Notice that the order of inclusion is crucial since the order of
definition is crucial. If function definition was included before
keyword definitions, then the sentence if (exp)
would be
highlighted as a function invocation.
Sometimes you want some source element to be highlighted only if they are surrounded by other elements. Source-highlight language definitions provides also this feature.
state|environment <standard definition> begin <other definitions> end
This structure is recursive (so other state/environment definitions can
be given within a state/environment). The meaning of a
state/environment is that the definitions within the begin
... end
are matched only if the definitions that define the
state/environment have been matched.
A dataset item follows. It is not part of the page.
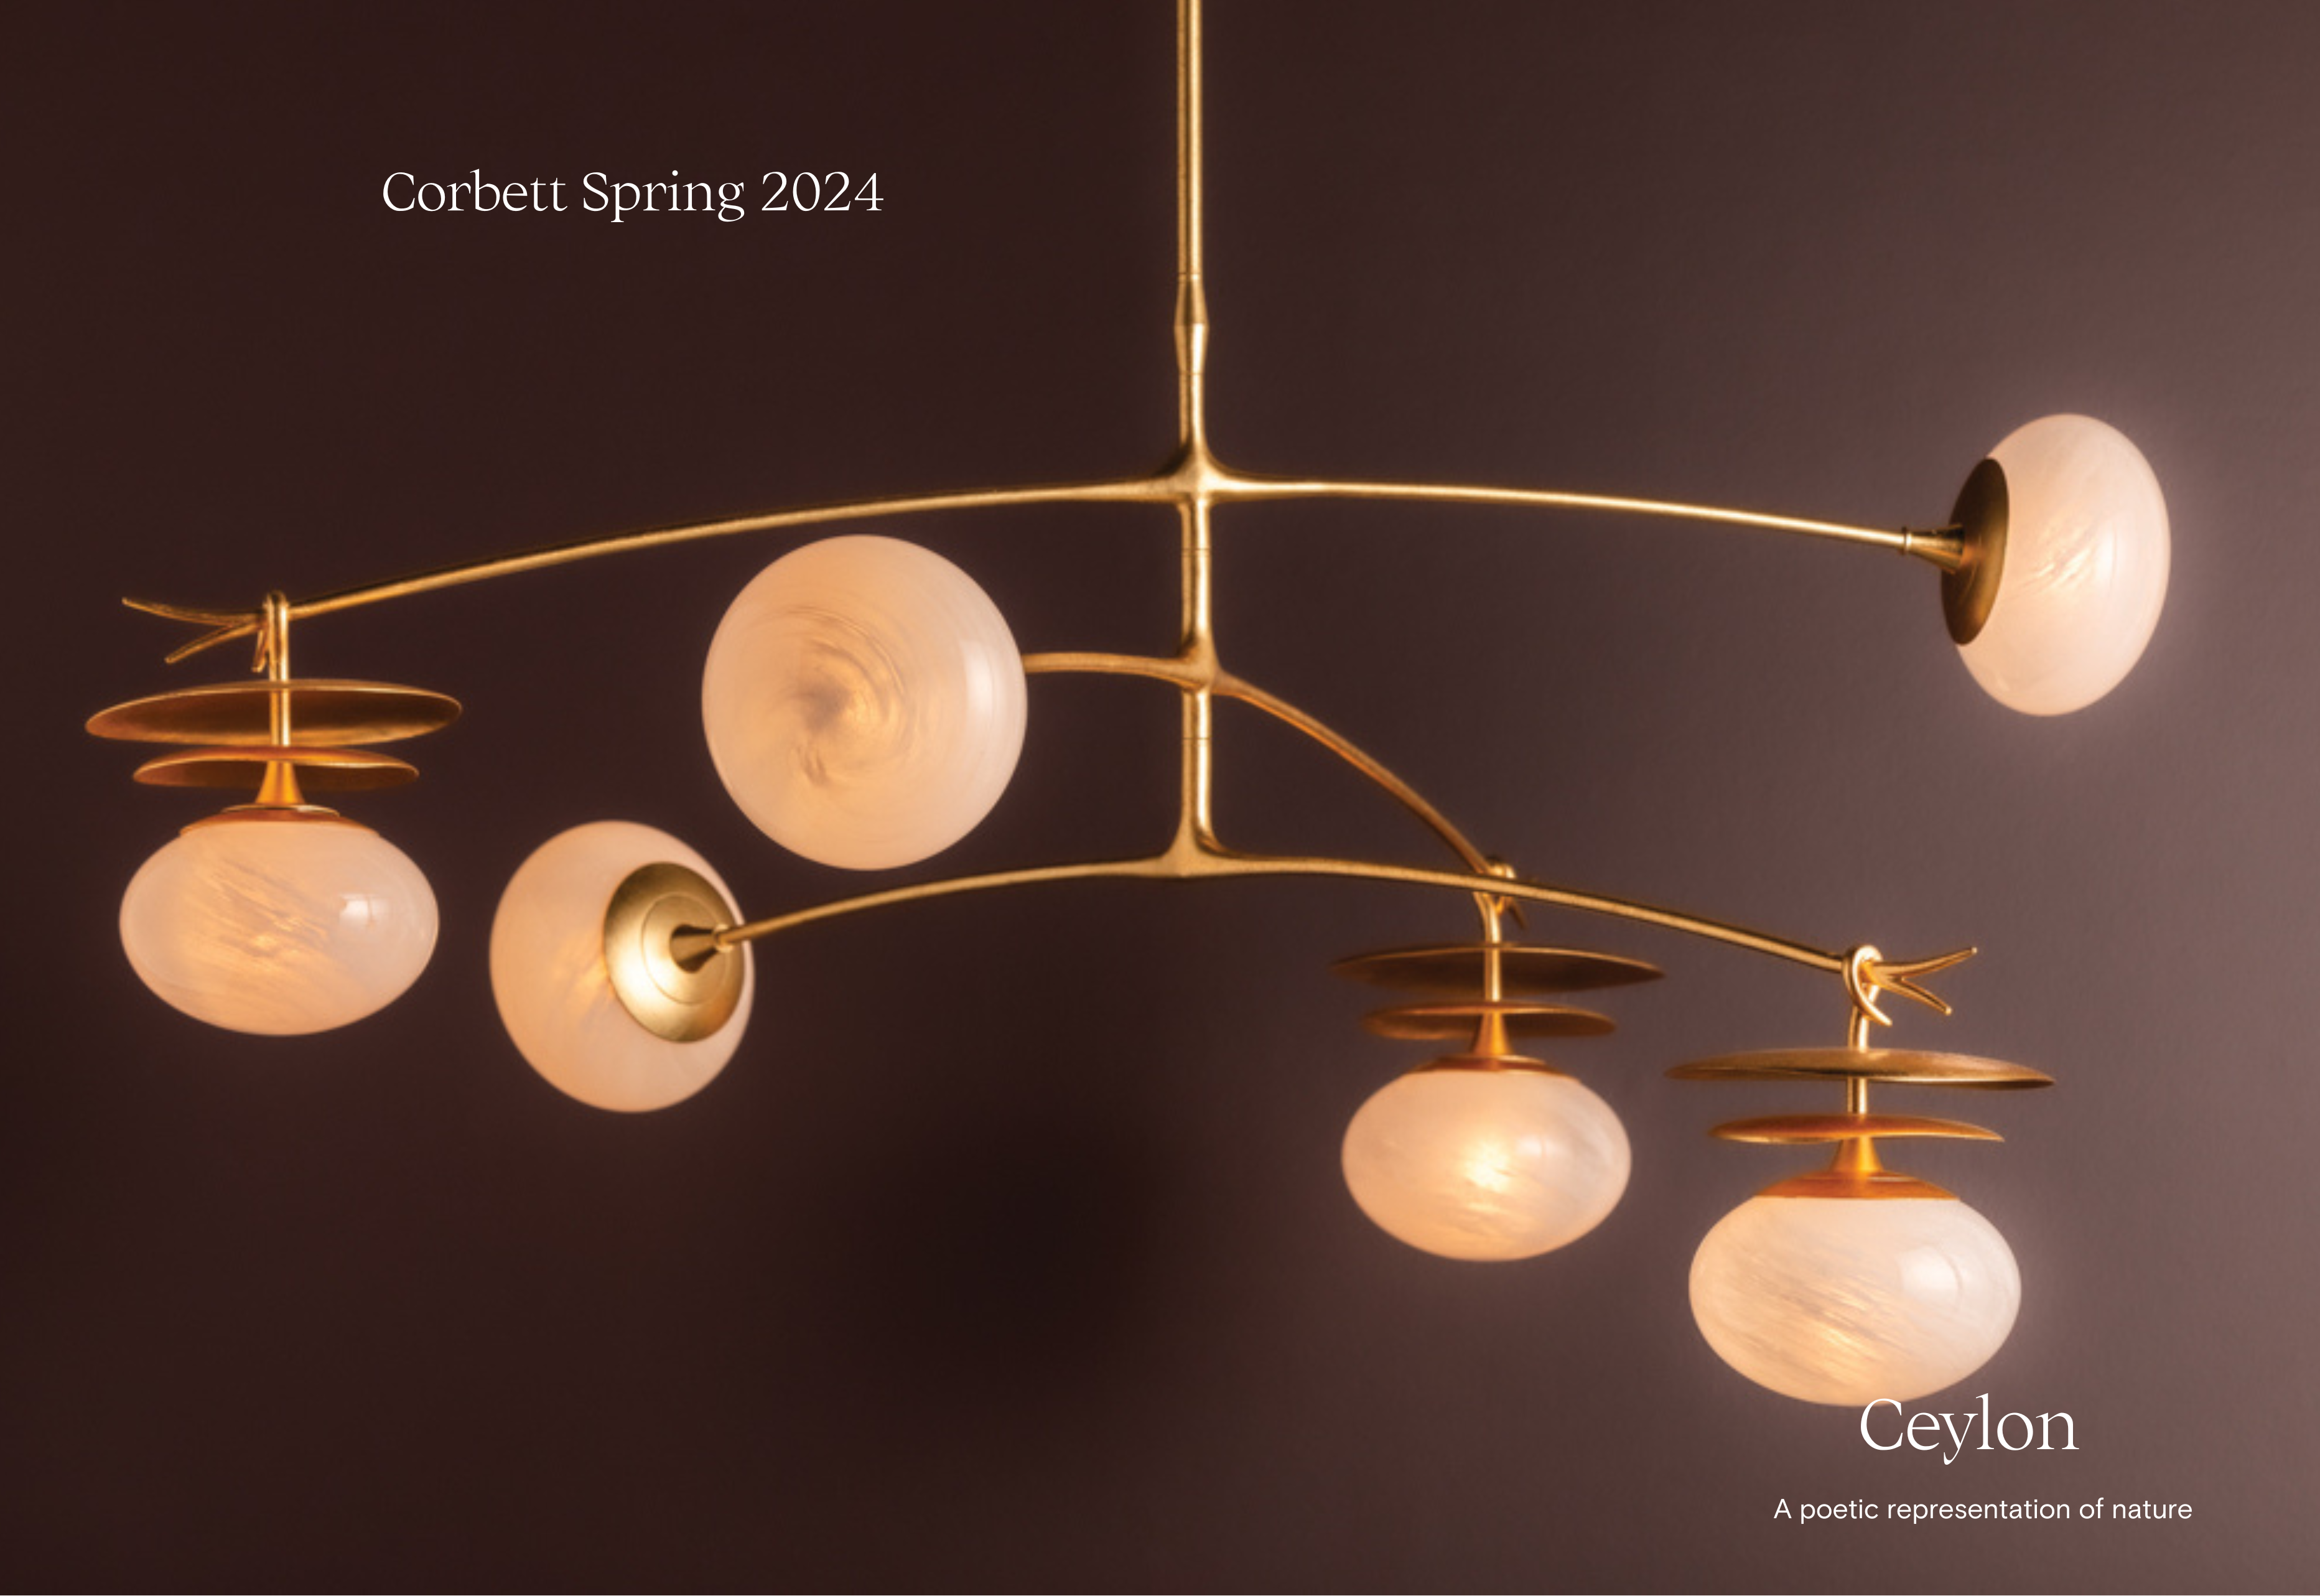 Large gold Ceylon chandelier with round globes and gold discs on a purple backdrop by Corbett Lighting

When entering a state/environment,
however, the definitions given outside the state/environment are not
matched. The difference between state
and environment
is
that in the latter, normal parts of the source language (i.e., those
that do not match any definition) are highlighted according to the style
of the definition that defines the environment.
As an example, the following defines the multiline nested C comment, and highlights URL and e-mail addresses only when they appear inside a comment (notice that this uses file inclusion):
environment comment delim "/*" "*/" multiline nested begin include "url.lang" end
Notice that we used environment
because everything else inside a
comment has to be formatted according to the comment style.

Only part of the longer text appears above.